What i really want to know is, will Ivys and Ivy calibur institutions who claim they want diversity really give poor kids an advantage.
Lets face it, all ivy schools have Recruiting officals on their Board of Admissions. Atheltic Recruitment, Minority Recruitment, International… But none for poor people. Who on the admissions staff advocates for the poor. And will it really be a tip factor like URM status and Athletic Recruitment is.
Plus if they are need blind that means they dont look at incomes. But that contradictorily and adversly affects their ability to seek the poor students. How will they know a kid is poor unless the kid talks about it. Even if you check to see if they are first in family to go to college or have a college fee waiver you are still guessing.
Also i am for Affirmative Action, but look at the population. The 2005 Census Preliminary numbers show that America is 14% black, 15.6% Hispanic, 4.26% Asian, 6.5% other, and the rest white. But we have Affirmative Action so the colleges can reflect that.
BUT GET THIS, AMERICA IS 13.9% BELOW THE POVERTY LINE. And in total is 19% “Poor”. But NO college right now has stated they Practice True Socioeconomic Affirmative Action.
In fact Harvard probably has less than 2% from below the poverty line, so shouldnt they start some sort of affirmative action so they can at least try to equalize there pop proportion to that of the national pop proportion. It will help them reach out to minorities also, but wont disenfranchise the white and asian populace, since 31% of poor are black, 30% Hispanic, and 33% white, with the rest classified other.
AND IN THE END NO ONE SHOULD BE AGAINST SOCIOECONOMIC AFFIRMATIVE ACTION SINCE IT IS TRULY ONE OF THE MOST CLASSIC FORMS OF SOCIAL REHABILITATION (GIVING TO THE POOR).
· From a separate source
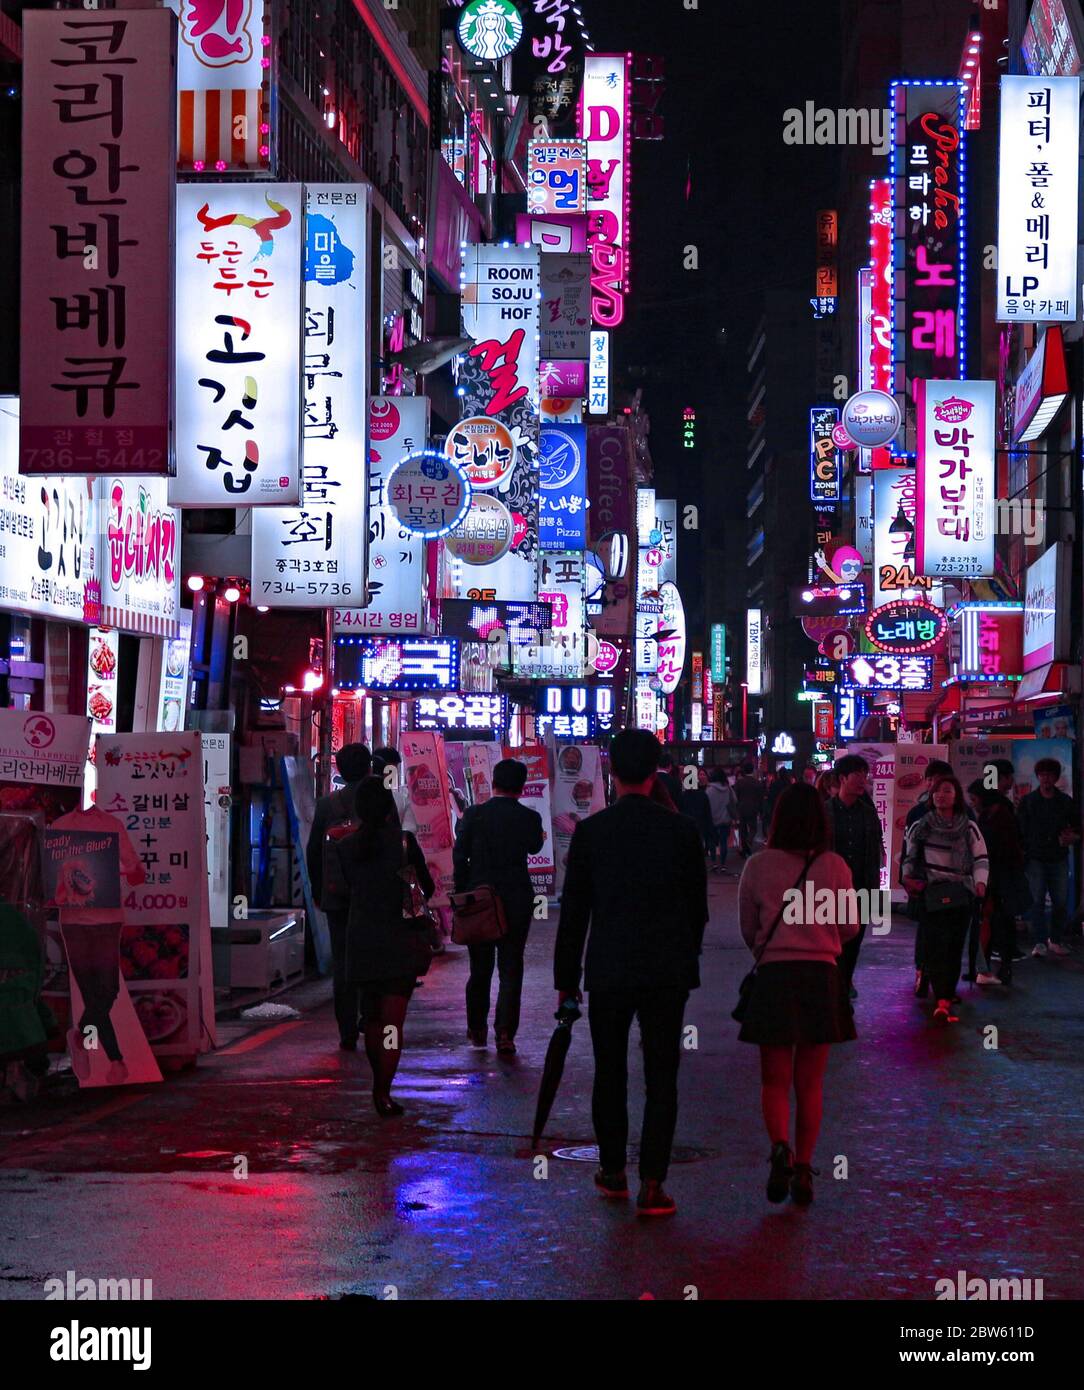 Une nuit de pluie en descendant dans l'une des rues commerçantes avec des enseignes de magasins de néons de Myeong dong, Séoul, Corée du Sud Banque D'Images

Then the next question is, Who is Poor.
For most State U’s, a Family Income of 40,000 a year is a little below average but not so far out. For Harvard, its something, so they offer no family contribution for that. So for schools that are just out of the Ivy League, like Northwestern, Caltech, JHU, G-Town, Caltech, Stanford… what would they consider poor. Also how would they screen for situations where a family income of 60,000 has to provide for a family of 9 or 10 or something.